В ряде источников того времени указывалось, что традиционные государственные меры, направленные на ликвидацию разрыва в образовательных возможностях между высшими и низшими слоями, являются недостаточными, поскольку не меняют подготовку учителей и их подход к сложившейся педагогической ситуации [Barch, Janowski 1976; Перре-Клермон 1976; Rodax 1978 и др.]. Неудача попыток модифицировать условия обучения с целью предоставления учащимся из различных социальных слоев равных шансов обычно объяснялась невозможностью найти педагогическое решение проблем, возникающих одновременно в образовательном, психологическом и социальном планах.
В связи с проблемой усиления социального неравенства в психологии традиционно актуальным остается вопрос о взаимосвязи между социальными процессами и механизмами мышления. Пионерскими работами в данном направлении являются «Мышление и речь» Л.С. Выготского, «Сознание, человеческое Я и общество» Дж. Г. Мида, «Моральные суждения ребенка» Ж. Пиаже. В этих трудах выдвинута гипотеза о ведущей роли социального взаимодействия в процессах структурирования мышления. Согласно культурно-исторической теории Л.С. Выготского, решающее значение в развитии ребенка имеет ситуация его взаимодействия со взрослым, в которой происходит передача образцов действия от взрослого к ребенку. Важным условием развития мышления в данном случае выступает построение и использование знаковых объектов и систем [Выготский 1991]. Дальнейшая разработка проблемы ученицей Ж. Пиаже и автором социально-психологической концепции интеллектуального развития А. -Н. Перре-Клермон показала, что существенное влияние на качество и результаты развития когнитивной сферы детей из различных социальных слоев оказывает социальное взаимодействие между ними.
Опираясь на тезис Ж. Пиаже о возможности ускорения или замедления стадий развития интеллекта в зависимости от культурного и образовательного окружения ребенка, А. -Н. Перре-Клермон впервые поставила под сомнение значение так называемого социокультурного барьера в общении представителей различных социальных слоев. Проведя ряд исследований по совместному групповому решению задач детьми из различных социальных слоев, исследователь пришла к выводу, что данный барьер существенно понижается в ситуации совместной деятельности детей. Согласно гипотезе исследования, обеспечение активного взаимодействия детей из благополучных и неблагополучных социальных слоев позволит не только поднять уровень достижений второй группы в когнитивных испытаниях, но и превысить уровень первой группы.
Главной причиной умственного развития в таком взаимодействии, по мнению А.Н. Перре-Клермон, является столкновение индивидов с различными точками зрения относительно способа решения задачи (социокогнитивный конфликт).
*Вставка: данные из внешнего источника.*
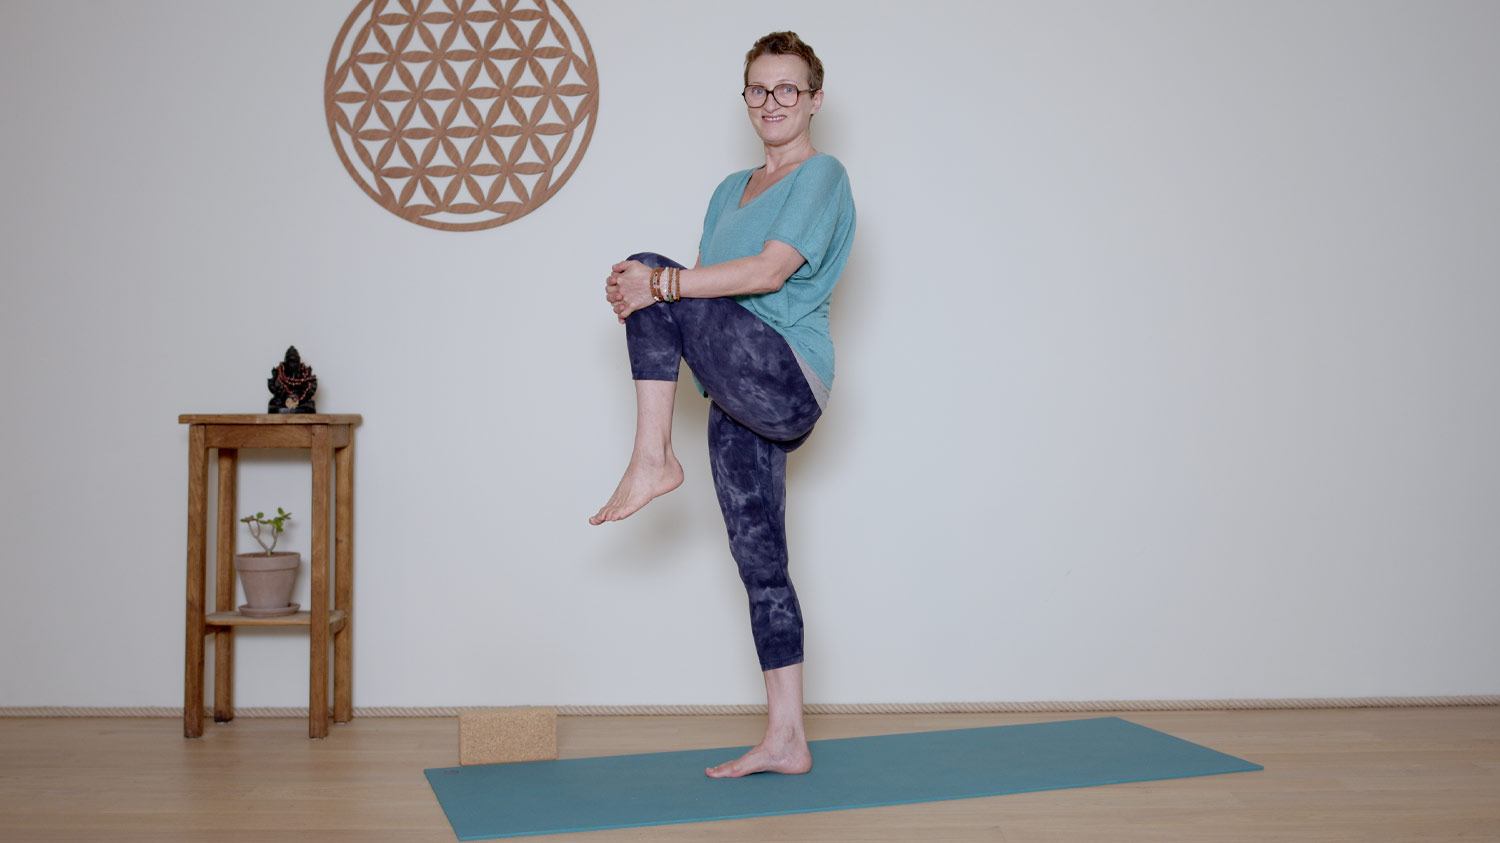 Replay du lundi 11 septembre | Cours de yoga en ligne avec Delphine Denis | Hatha Yoga dynamique, Méditation, Pranayama
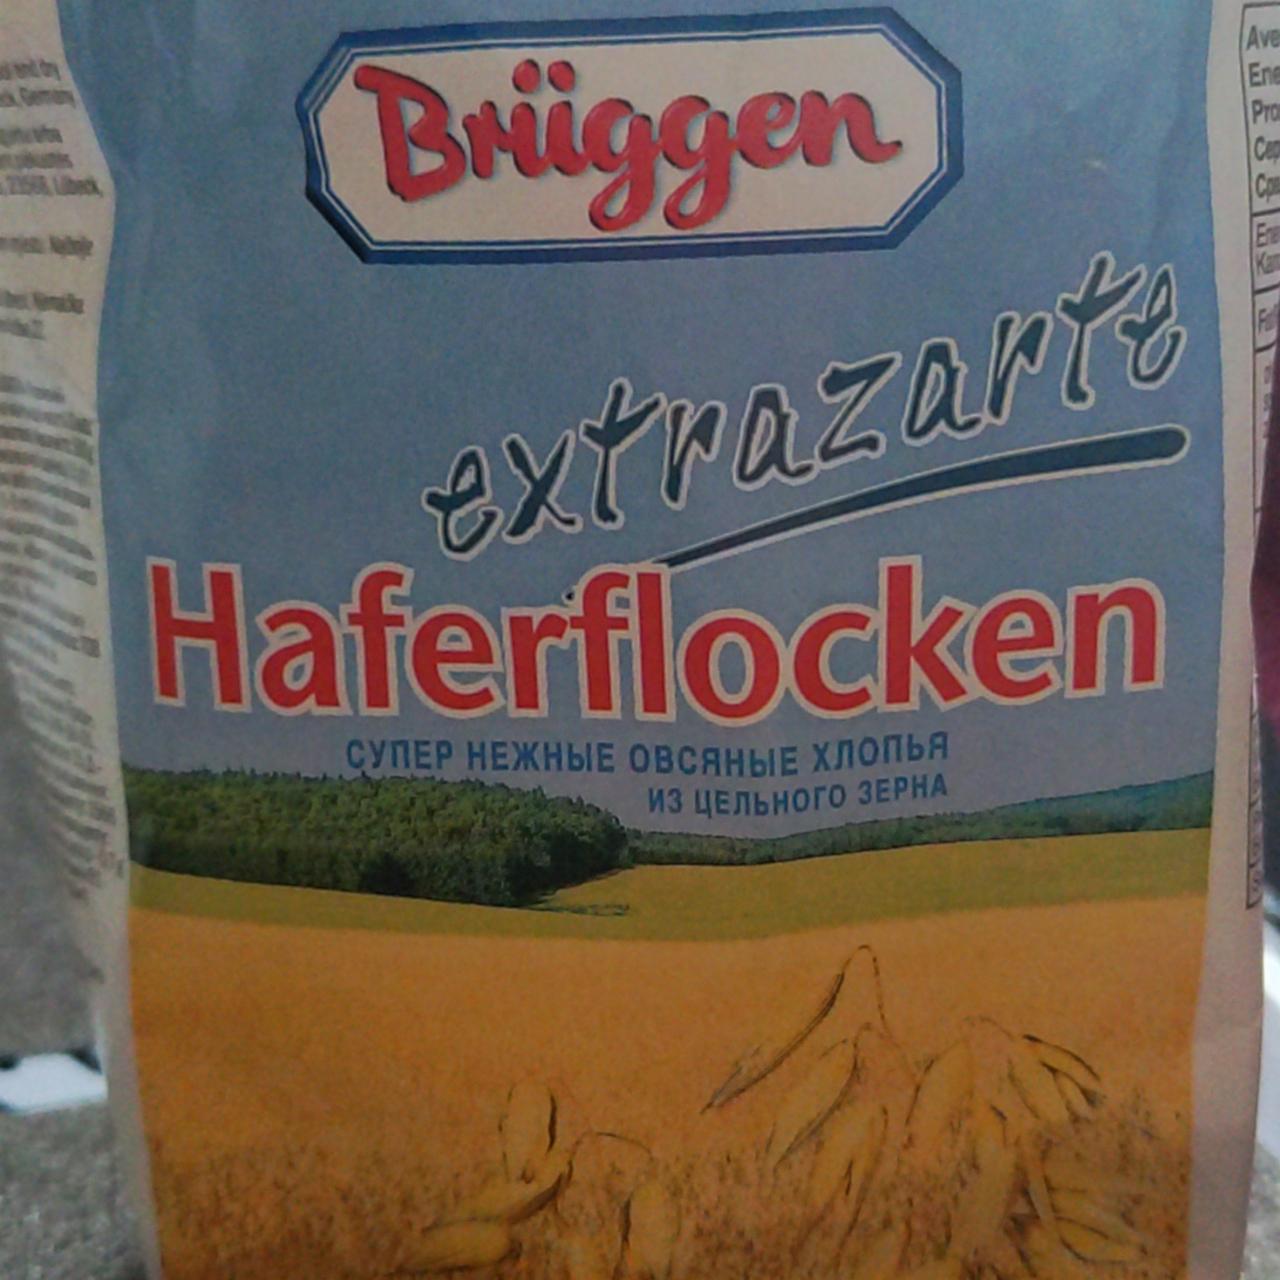 Фото - Пластівці вівсяні з цільнового зерна Haferflocken Bruggen

Совместный поиск единого решения заставляет детей координировать разные точки зрения, что способствует развитию интеллекта. Причем социокогнитивный конфликт оказывает воспитывающее влияние как на детей с низким уровнем развития, так и на детей с более высоким уровнем развития, поскольку для разрешения конфликта важно, чтобы последний не просто знал, как правильно решается задача, но и понимал причину социокогнитивного конфликта между ним и ребенком с более низким уровнем развития [Перре-Клермон 1991]. Экспериментальное доказательство гипотезы позволило автору сделать вывод о том, что при существующем социальном неравенстве можно создать в равной мере благоприятные условия для обучения детей от четырех до девяти лет.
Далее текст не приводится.